Weight decay controls grokking transitions in transformers, new paper shows
A single scalar parameter governs memorization, generalization, and collapse in transformer training on modular arithmetic.
A new arXiv paper by Lucky Verma investigates how weight decay regulates the sharp transitions between memorization, generalization (grokking), and collapse in transformers trained on modular arithmetic. By analyzing attention activations alone, the author introduces two cheap online diagnostics—mean pairwise attention-head cosine similarity and entropy standard deviation—that track training dynamics at lower compute cost than traditional loss-landscape methods. Across eleven experimental conditions and three model scales (0.82M to 85M parameters), weight decay serves as a scalar empirical control parameter.
The study localizes the memorization-to-developmental grokking boundary at λc=0.0158 (95% CI [0.0109, 0.0200], N=210) using a logistic fit, and reports an empirical power-law exponent ν=0.757 (CI [0.725, 0.799]), which excludes reference exponents from mean-field (ν=0.5) and 3D Ising (ν≈0.63) universality classes under the four-bin grid used. A horizon-matched multi-task replication (n=280, four modular operations) and cross-architecture probes (4L MLP, 4L LSTM, 4L Mamba; each n=70) confirm the weight-decay-controlled transition with architecture-specific λc values. The author notes the scope is limited to modular arithmetic in small attention models; broader claims about language models or universality classes are not covered.

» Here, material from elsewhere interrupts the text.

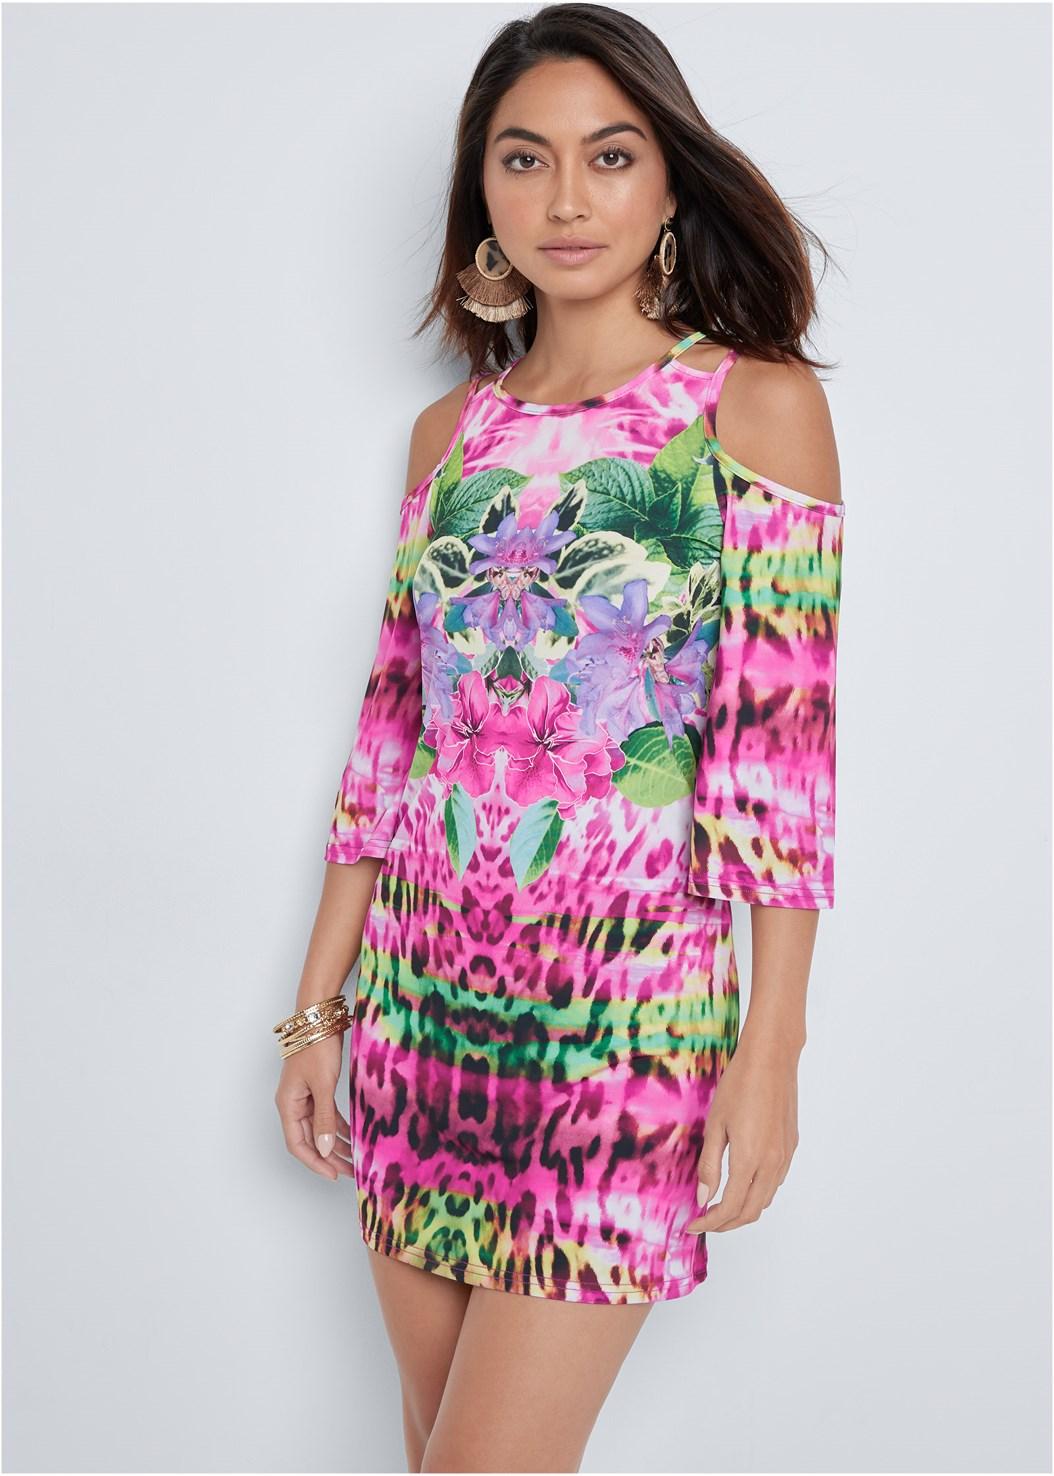 Cold Shoulder Print Dress,Jewel Toe Loop Lucite Sandal,Tortoise Fringe Earrings

- Weight decay acts as a scalar control parameter separating memorization, developmental grokking, and collapse across 11 conditions and model sizes from 0.82M to 85M parameters.
- Two cheap diagnostics—mean pairwise attention-head cosine similarity and entropy standard deviation—track phase transitions from attention activations alone, complementing loss-landscape methods at lower compute.
- The memorization-to-developmental grokking boundary was precisely localized at λc=0.0158 (95% CI), and the pattern replicated across MLP, LSTM, and Mamba architectures with architecture-specific critical values.
Why It Matters
Provides practical, low-cost diagnostics to monitor grokking in transformers, enabling more efficient training of reasoning models.